Assignment ▸ Reproduce from the records below, with no pictures, exactly the lines between the one containing "Mistral Almond Milk Soap" and the one containing "Southeast Alaska - hauling", inclusive.

Data excerpts ▸
○ ○ ○

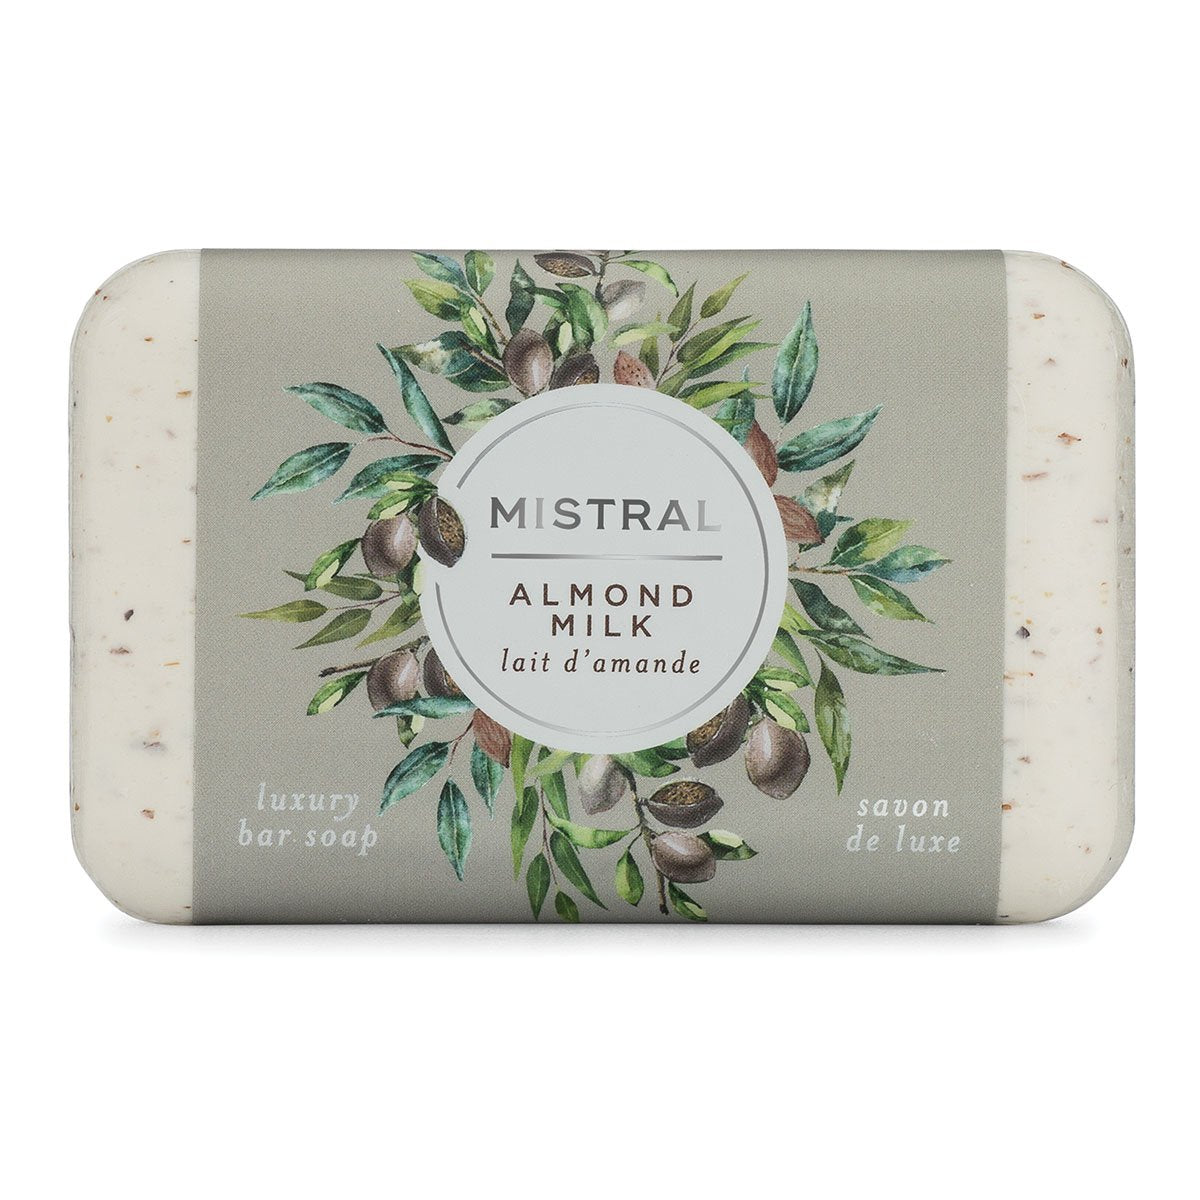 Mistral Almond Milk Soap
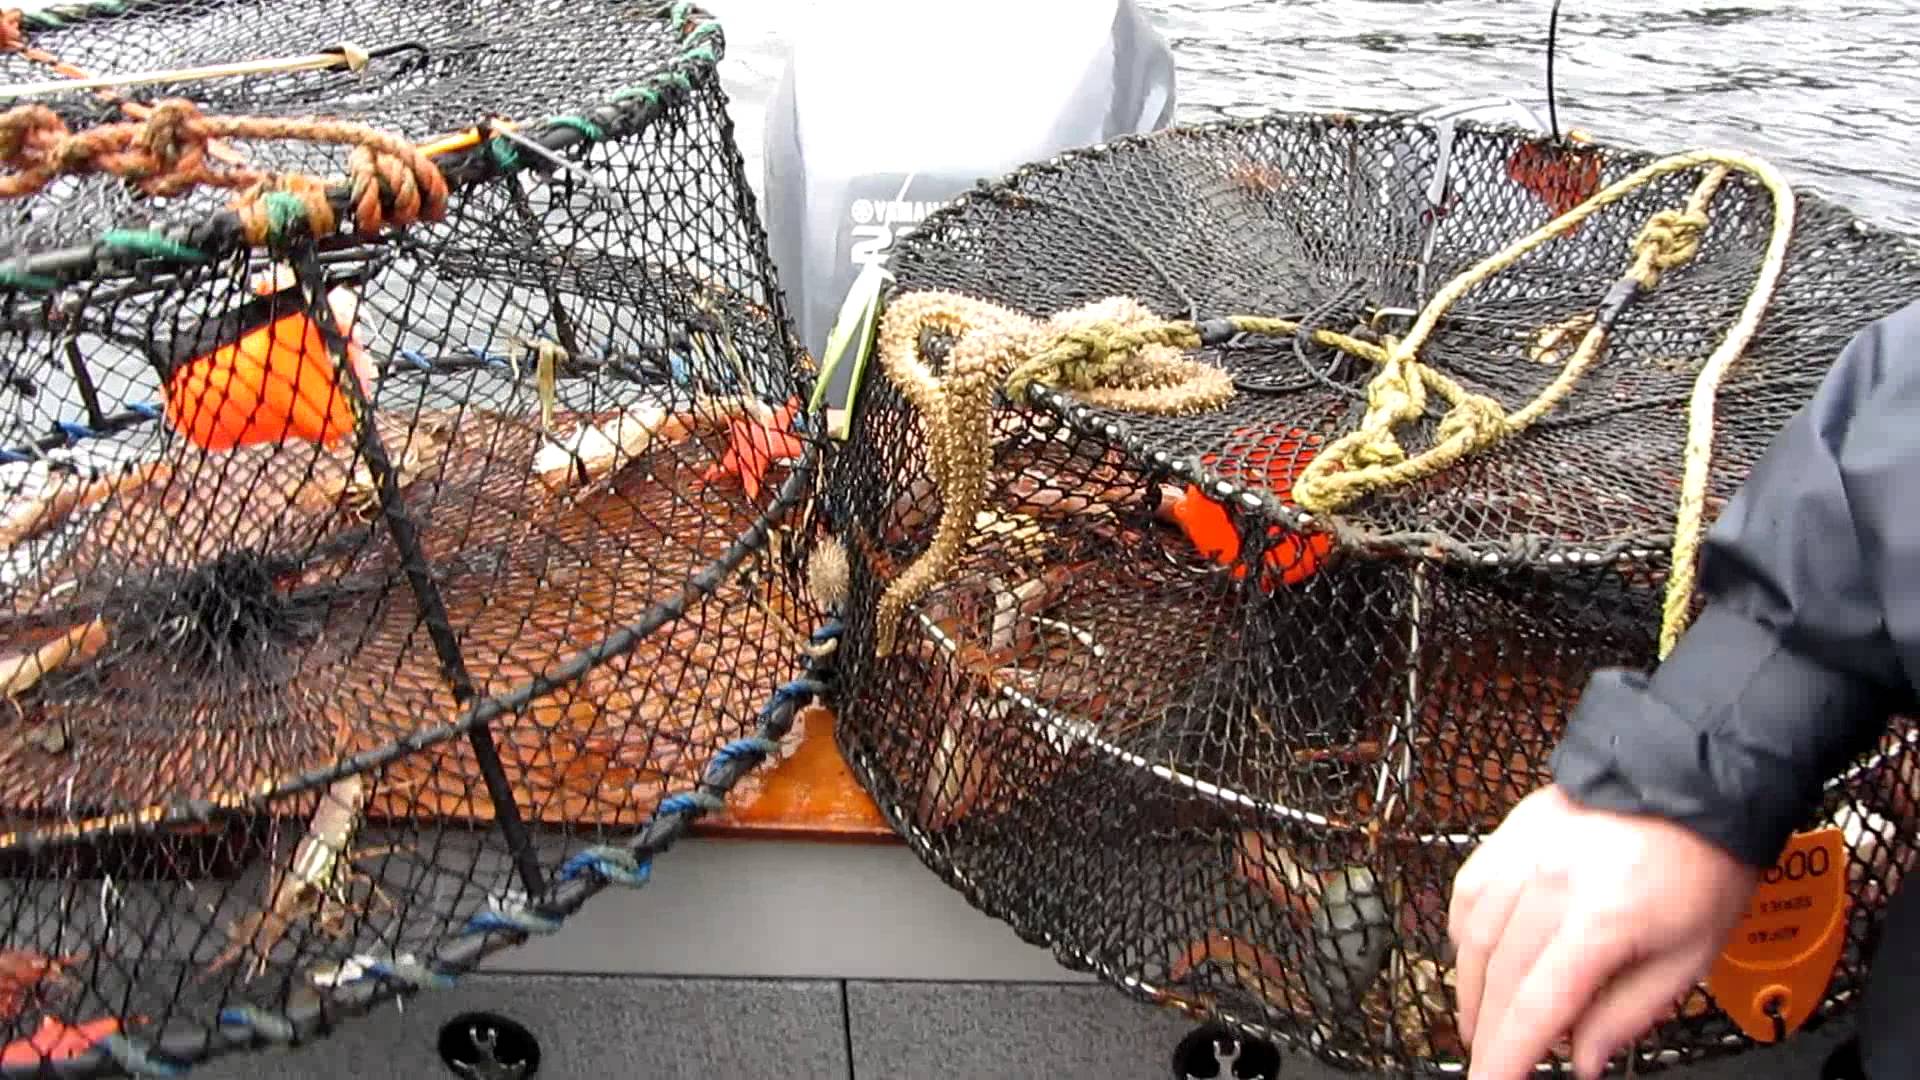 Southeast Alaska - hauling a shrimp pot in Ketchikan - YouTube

○ ○ ○

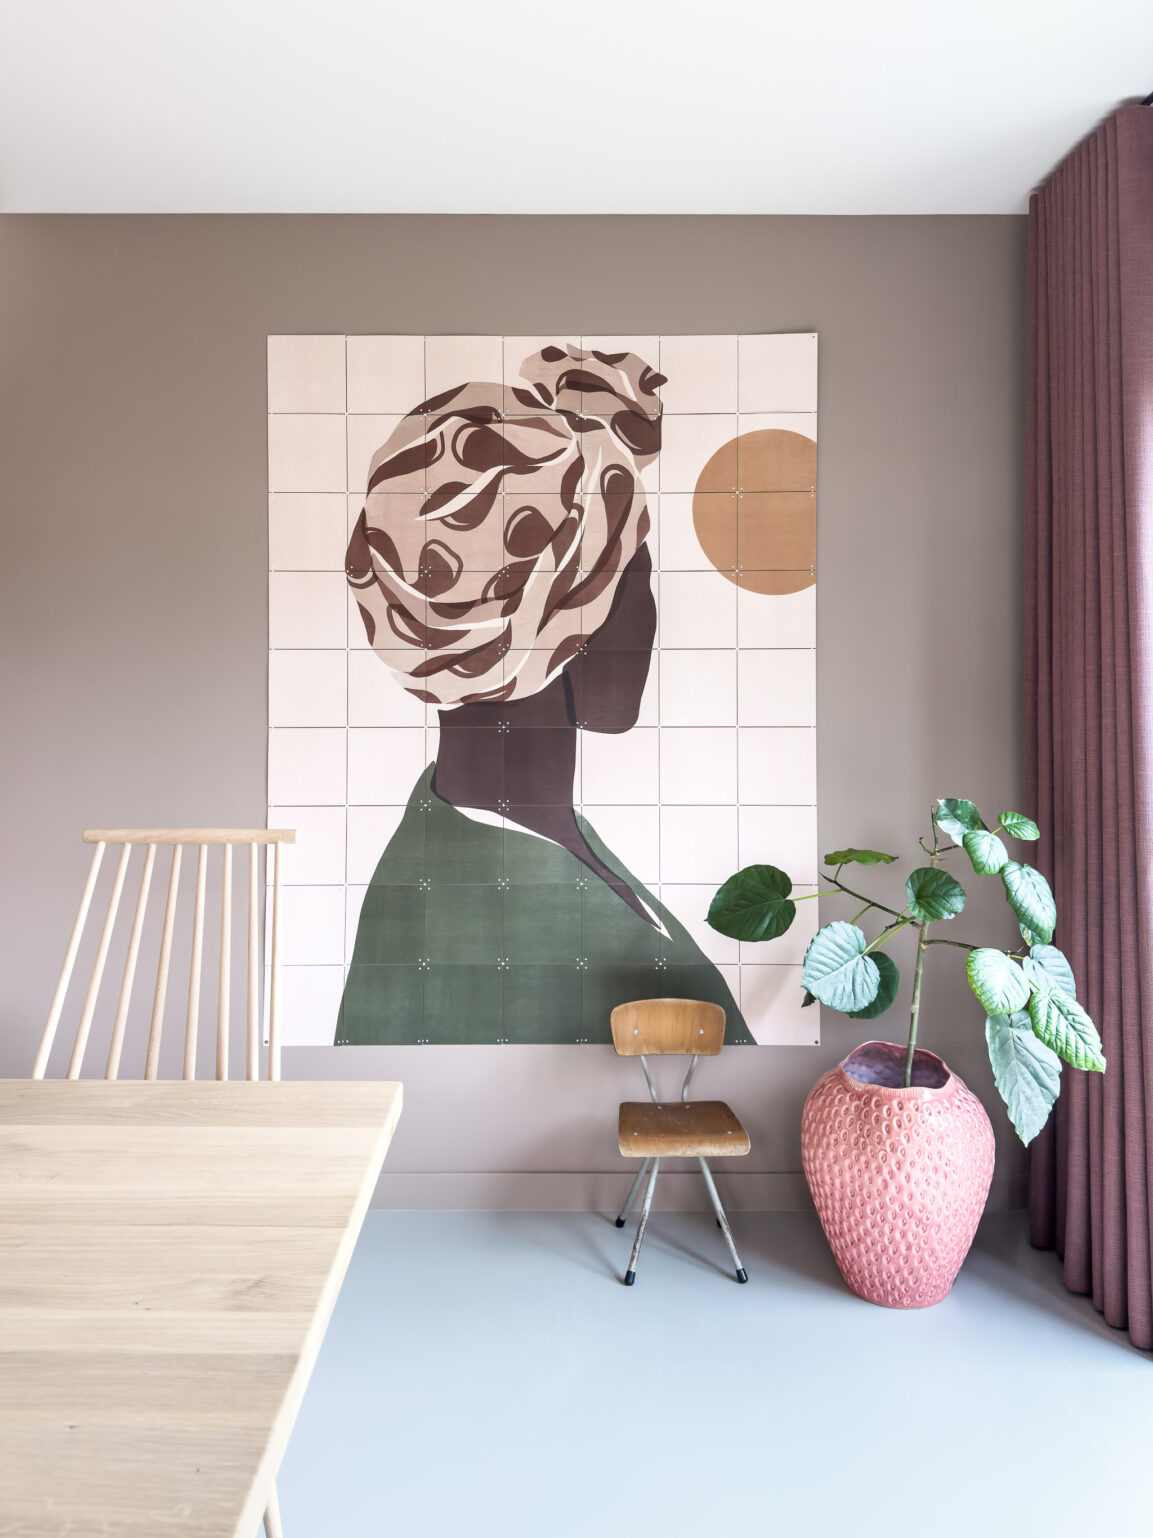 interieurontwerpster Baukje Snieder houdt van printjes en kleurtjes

○ ○ ○

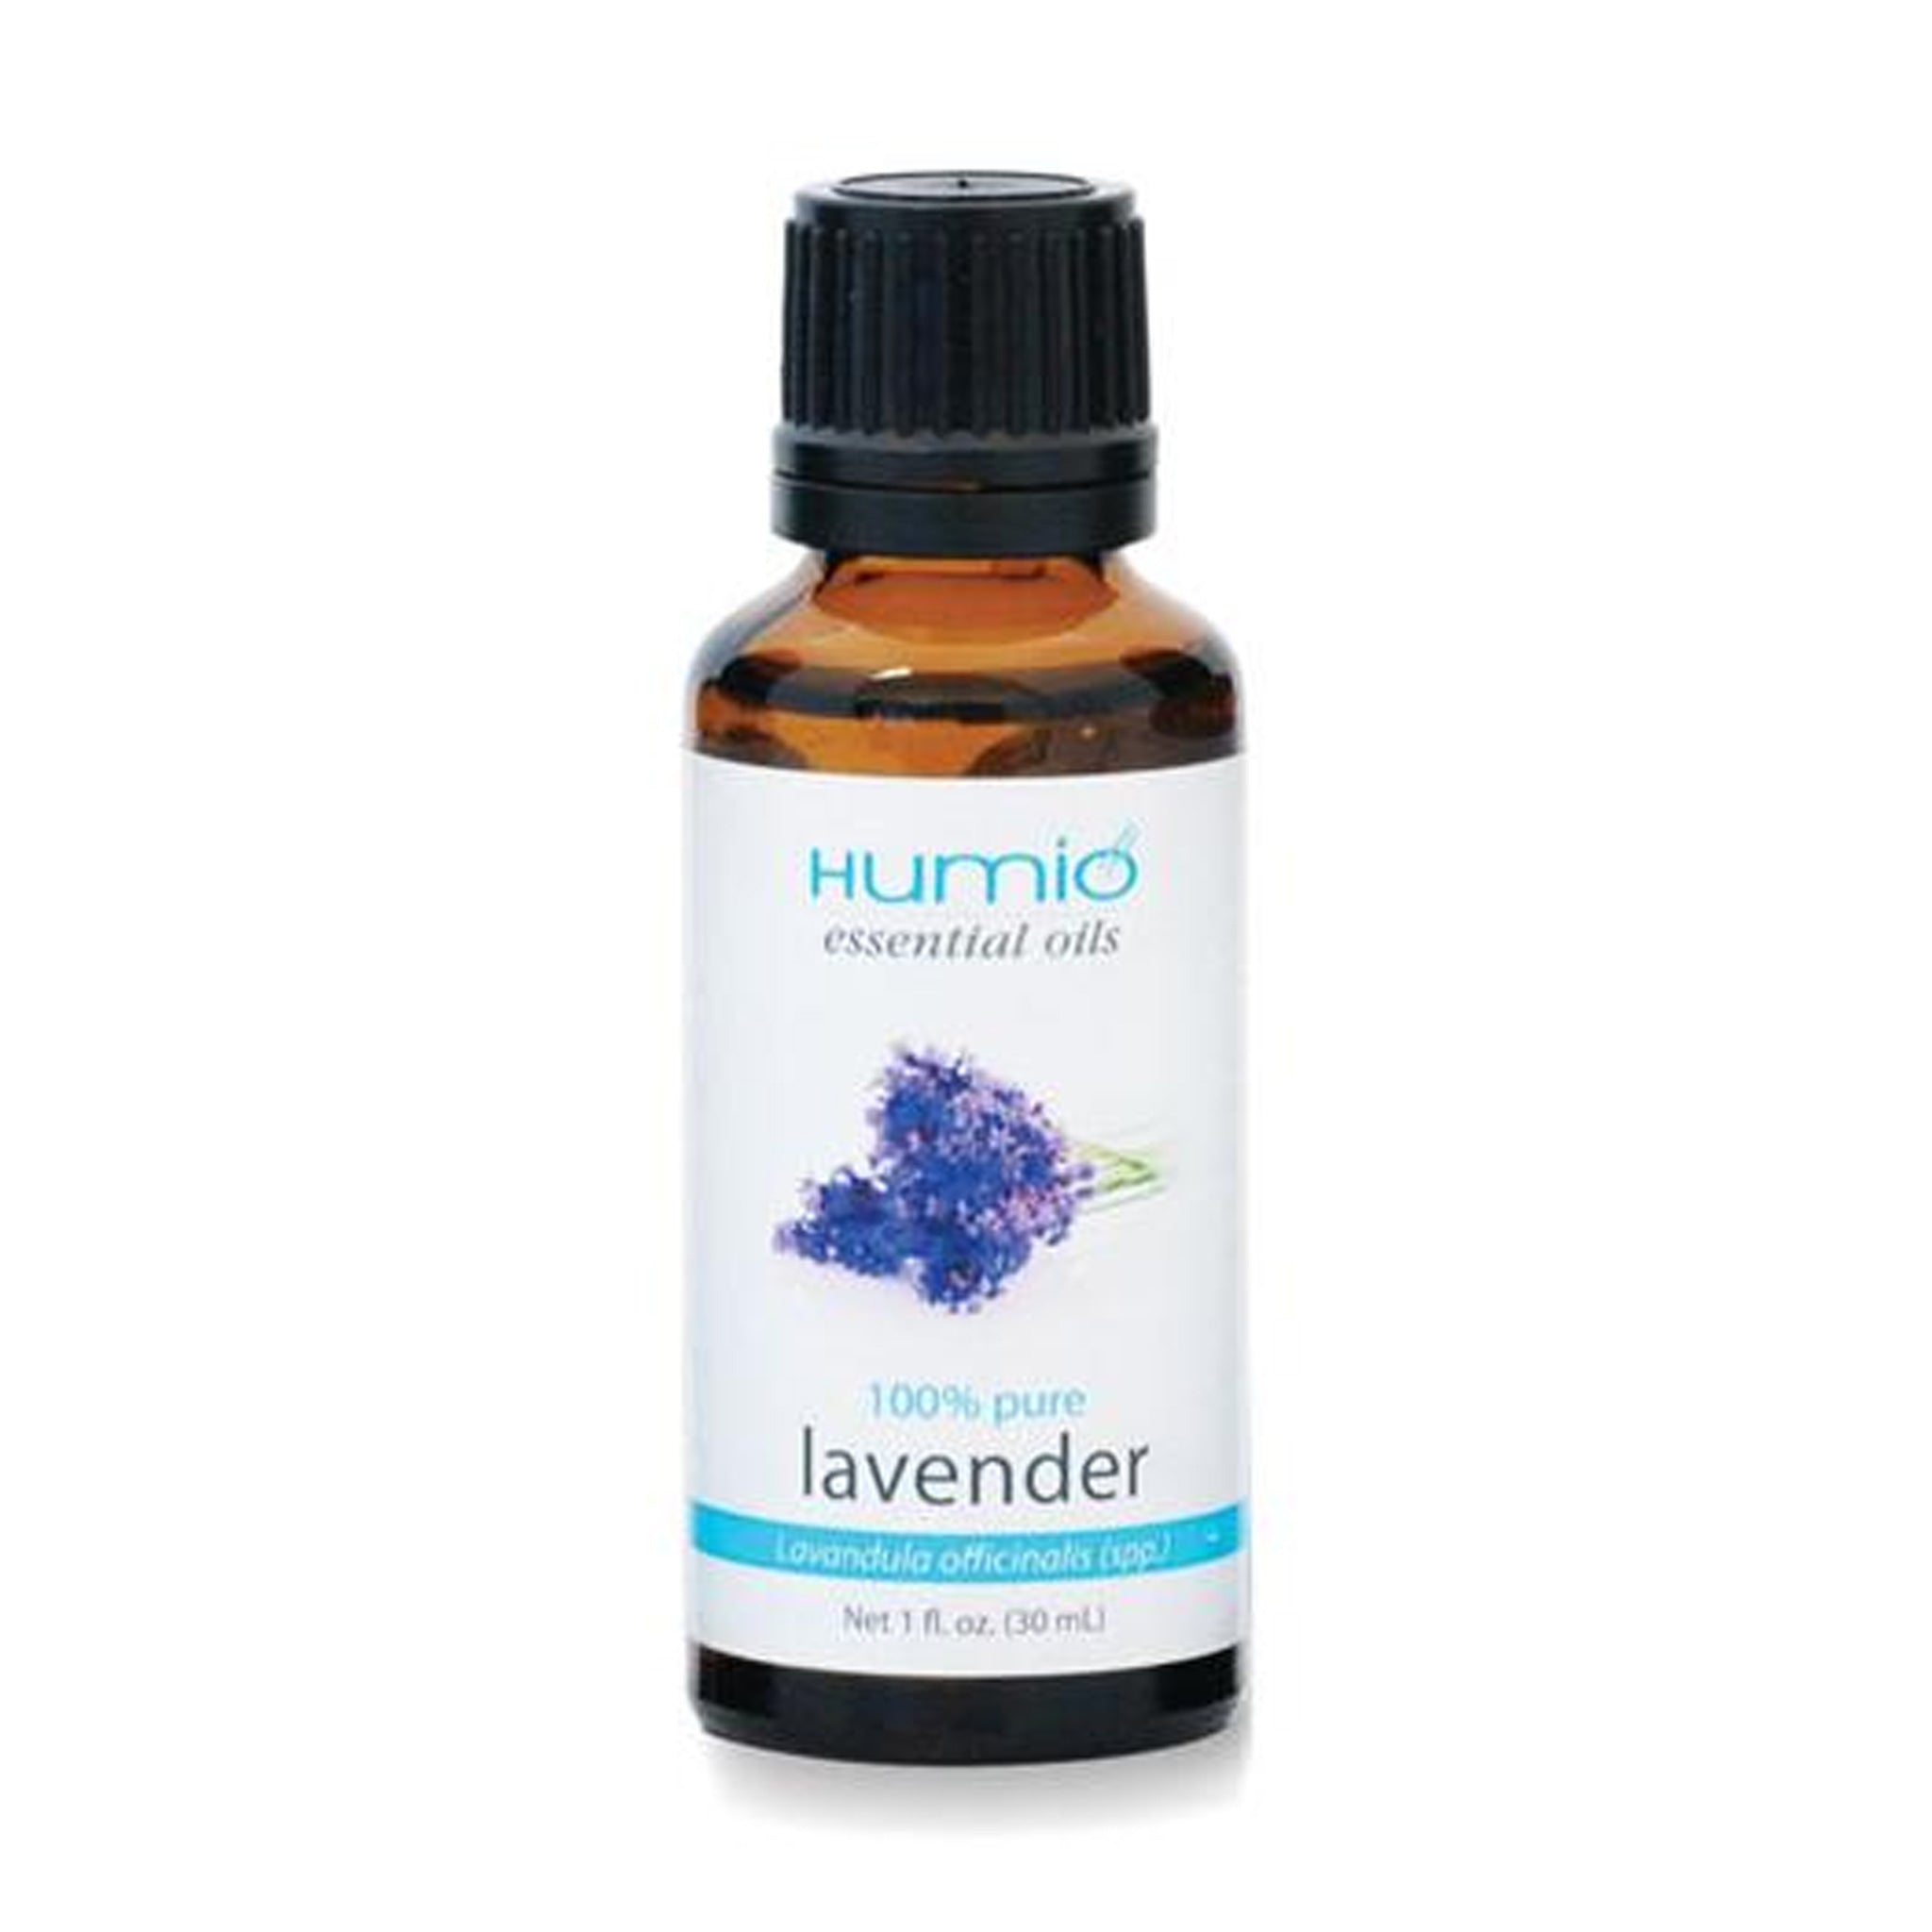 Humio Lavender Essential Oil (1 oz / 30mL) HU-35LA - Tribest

○ ○ ○

Your solution ▸
 Mistral Almond Milk Soap
 Southeast Alaska - hauling a shrimp pot in Ketchikan - YouTube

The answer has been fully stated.